Risk System Comparison
Two games. Two risk models. One design principle: decisions must have consequences.
| Dimension | Ami — Combat Risk | Ida — Economic Risk |
|---|---|---|
| Currency | XP (experience points) | Karma (reputation / money) |
| Risk Resource | Unbanked XP (at risk of loss) | Debt (negative karma accumulating interest) |
| Safe Resource | Banked XP (permanent, protected) | Earned karma (cumulative) |
| Risk Trigger | Staying in Manhattan (danger zone) | Taking loans / overspending |
| Escalation | riskLevel increases over time in danger zone | Debt accrues interest over time |
| Safety Mechanic | Bank XP at Camp (resets riskLevel to 1) | Take small, safe jobs (no debt risk) |
| Failure Condition | Lose battle → lose all unbanked XP, respawn | Debt exceeds -50 → bankruptcy, progress reset |
| Core Decision | "Do I stay longer for more XP or bank now?" | "Do I take a loan for a bigger build or play safe?" |
| Tier Progression | 3 tiers: enemies get stronger, XP reward increases | 3 tiers: jobs get bigger, payouts and costs increase |
| Unlock Thresholds | Tier 2: 50 banked XP, Tier 3: 150 banked XP | Tier 2: 100 karma, Tier 3: 300 karma |
| Signature Feature | Boss encounter (Tier 3, high riskLevel) | Car unlock (400 karma → speed + second block) |
| Emotional Core | Greed vs Safety | Ambition vs Prudence |
The Shared Principle
Both risk systems follow the same design pattern:
- Accumulation: Progress builds over time (XP / Karma)

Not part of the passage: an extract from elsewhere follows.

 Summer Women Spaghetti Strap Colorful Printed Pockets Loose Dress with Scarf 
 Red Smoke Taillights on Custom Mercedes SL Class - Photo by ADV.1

- Vulnerability: Some progress is at risk (unbanked XP / debt)
- Escalation: Risk increases the longer you push (riskLevel / interest)
- Decision: Player chooses between security and reward
- Consequence: Wrong choice leads to real loss (XP loss / bankruptcy)
The surface is different. The structure is identical. That's systems thinking.